17 Temmuz 2015 Cuma

What Homejoy's Demise Means For The On-Demand Economy

The oversaturated “Uber for x” economy can probably stand to lose a startup here or there. But with increasingly severe legal problems and dubious profit models, some think that it might be time for the market to consolidate.

Mitch Altman / Flickr / Via Flickr: maltman23

There's nothing, the already tired joke goes, that you can't get taken care of in San Francisco at the push of a button. Garbage. Underwear. Drugs. You name it. The phenomenon is so pervasive that a number of (rather mild) satires have popped up, including Here Comes the Airplane, for spoon-feeding, and Whypit, for butt-wiping.
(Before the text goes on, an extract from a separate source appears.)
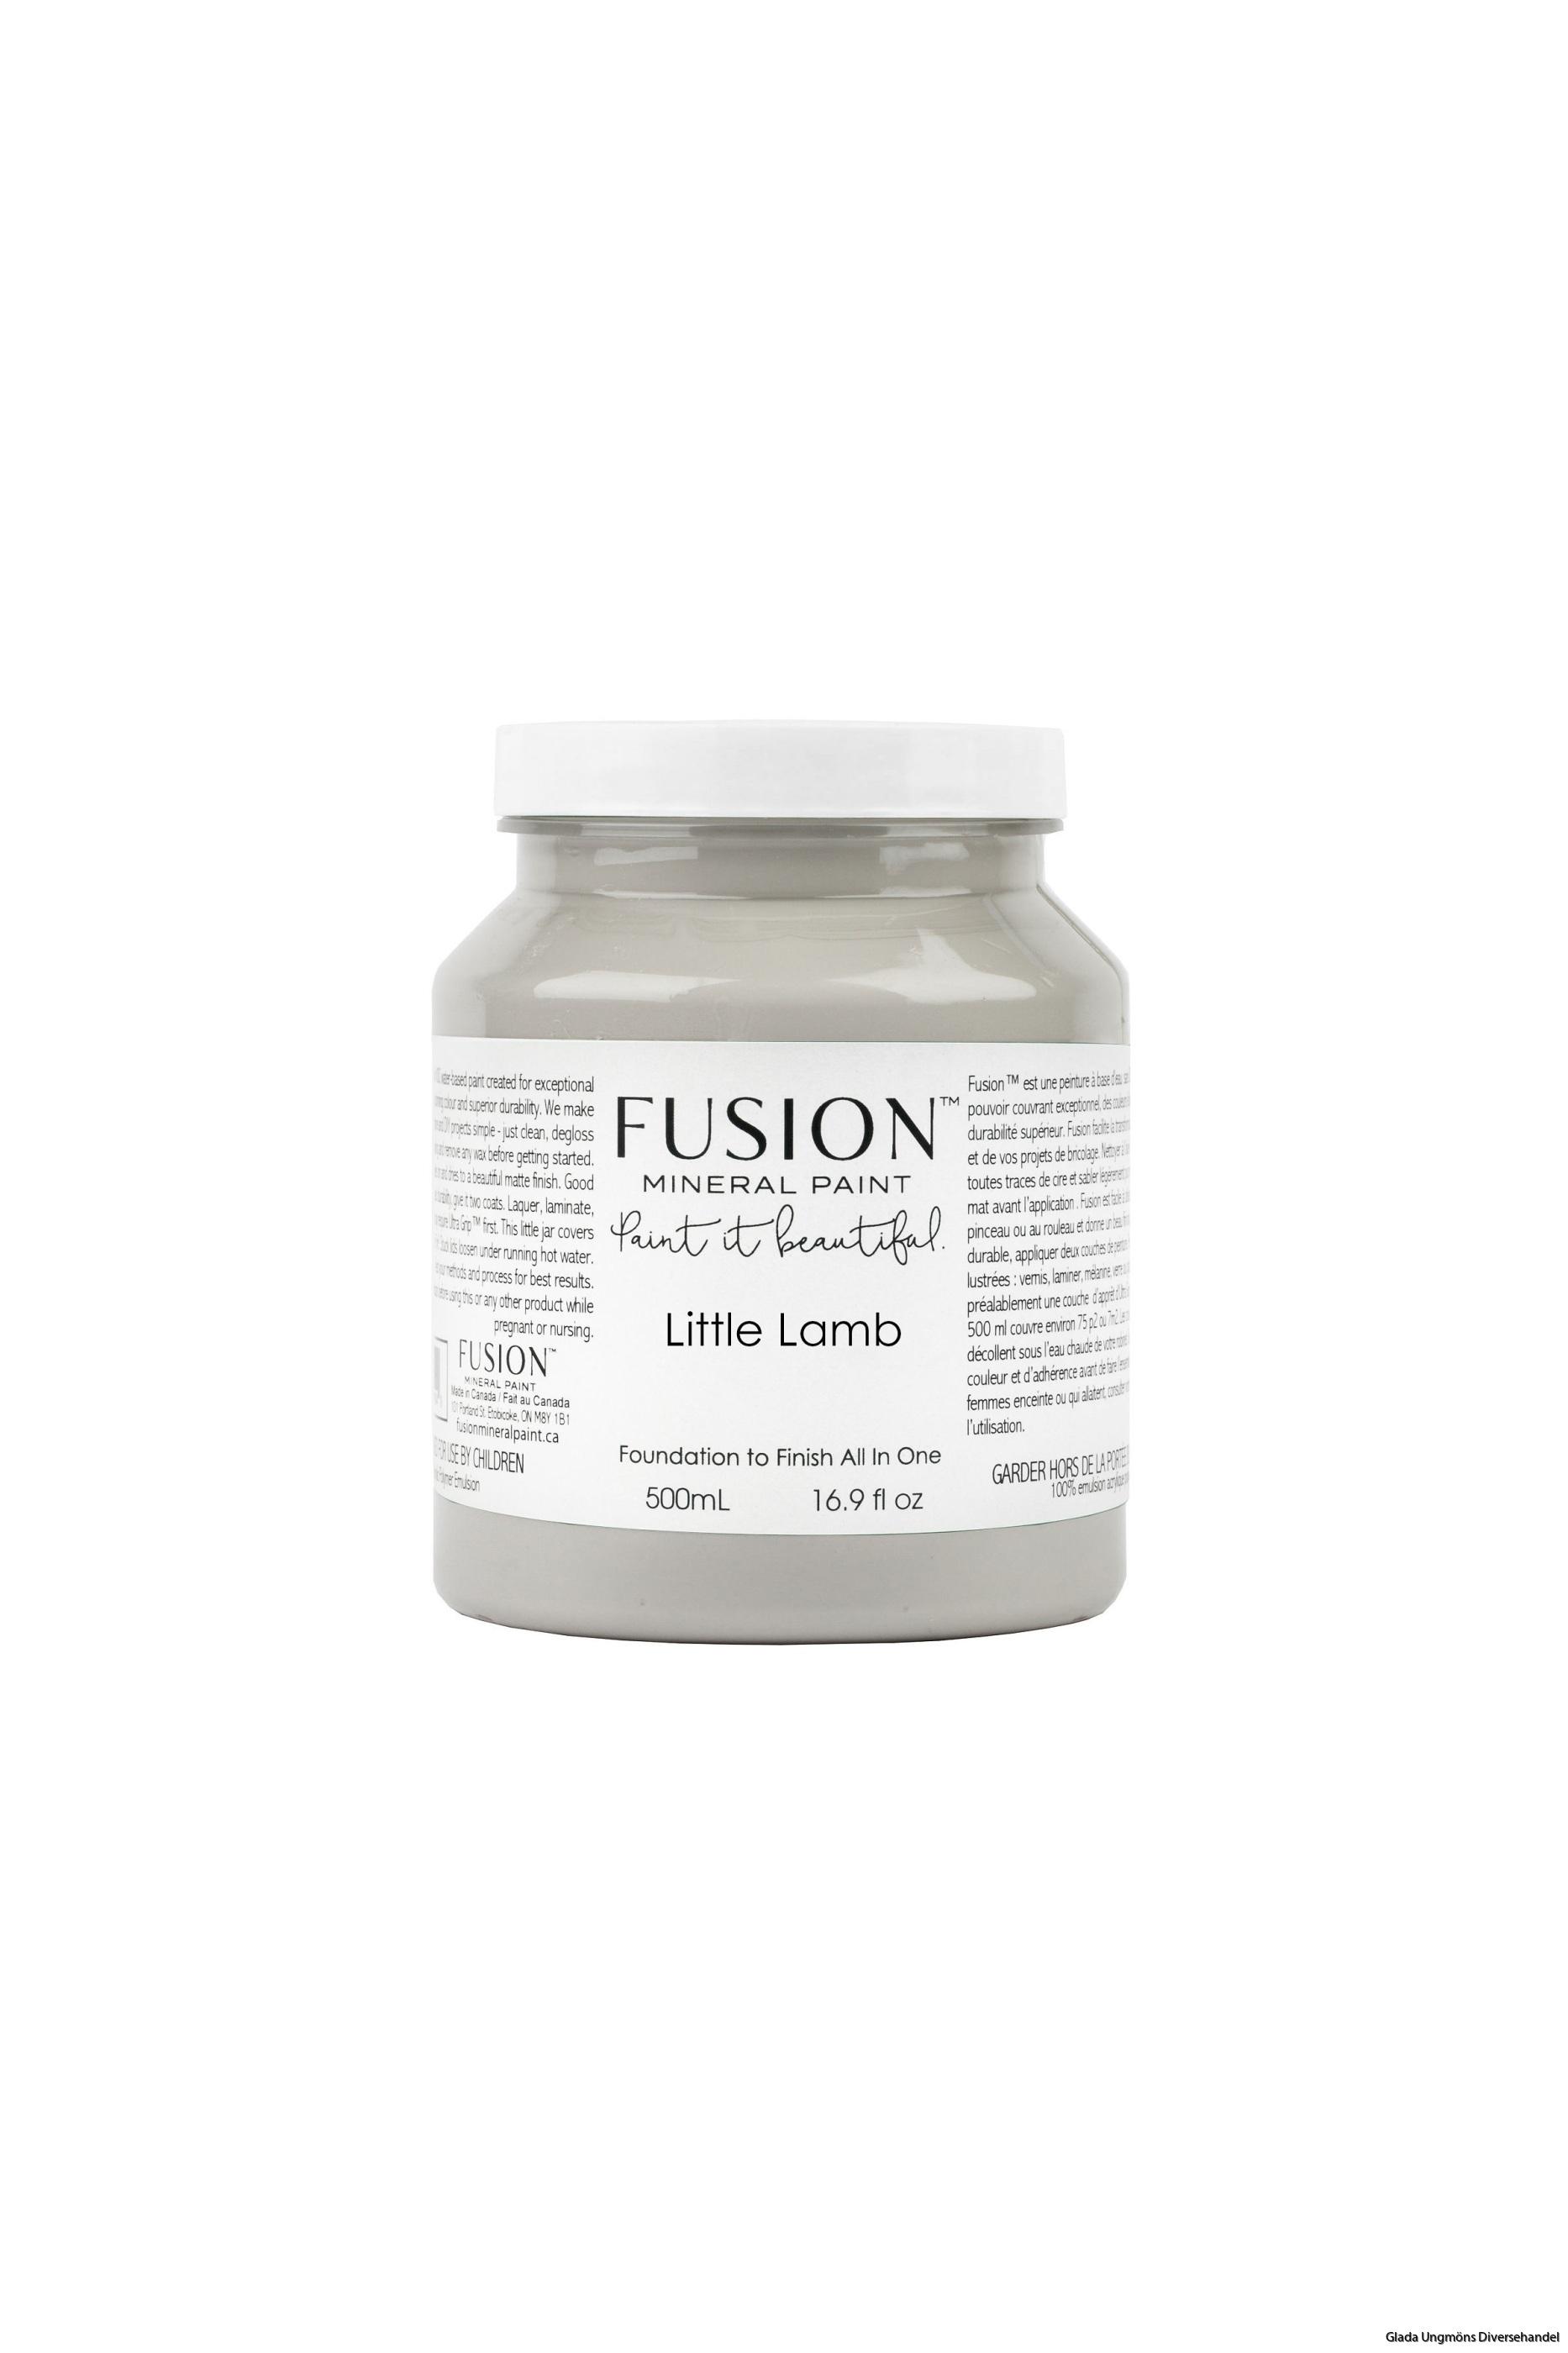 fusion_mineral_paint-littlelamb-pint

But today's big San Francisco tech scene news item suggests the on-demand bubble might be deflating, if not altogether bursting. Homejoy, a home-cleaning services platform , announced in a blog post that the company will be wringing out its sponges and hanging up its mops. By all appearances, it was several months coming: TechCrunch reported in March that competitor Handy was in talks to acquire the company, and in June, Fusion reported that the company might be in some financial trouble. These are unfortunate tidings for both Homejoy's employees — some of whom, Re/code reported, have already found new jobs at Google — and for Homejoy's investors, which included Google Ventures, YCombinator, and Andreesen-Horowitz, among others.

But whoever bought Homejoy would have been on the hook for whatever comes of the worker misclassification lawsuits that have been weighing on the company. A series of recent lawsuits across the industry suggest that on-demand companies may have broken the law in classifying their workers as cheap independent contractors over full-time benefited employees. This is why Homejoy was being sued by its workers in four separate cases, which co-founder Adora Cheung blamed for the shutdown.

Other recent news, including a California Labor Commission decision that an Uber driver was an employee and new guidelines from the Department of Labor that also erred on the side of full employment, suggests that the on-demand economy's future is murky at best. These startups rely on infusions of cash from venture capitalists to stay afloat, and it's undoubtedly hard to sell a pitch to funders when the underpinnings of your company's business model are on very public trial.

Hunter Walk is a venture capitalist at Homebrew, which funds Shyp, an on-demand shipping startup that recently shifted some of its contract workers to employee status in a reaction to the misclassification lawsuits. On Twitter, Walk acknowledged that funding is difficult to come by when you're being sued.

Elsewhere, however, others have speculated that a failure to turn a profit was what really killed Homejoy, and that the ongoing litigation merely serves as a face-saving excuse. The attorney in one of the cases against Homejoy, Byron Goldstein, told BuzzFeed News that "[t]he suggestion that Homejoy was unsuccessful because their employees sought to enforce the law is a scapegoat. Many sharing economy companies have been successful and are also seeking to follow the law."

Goldstein's firm plans to continue pursuing the suit against Homejoy. A spokesperson for Homejoy declined to comment on the matter.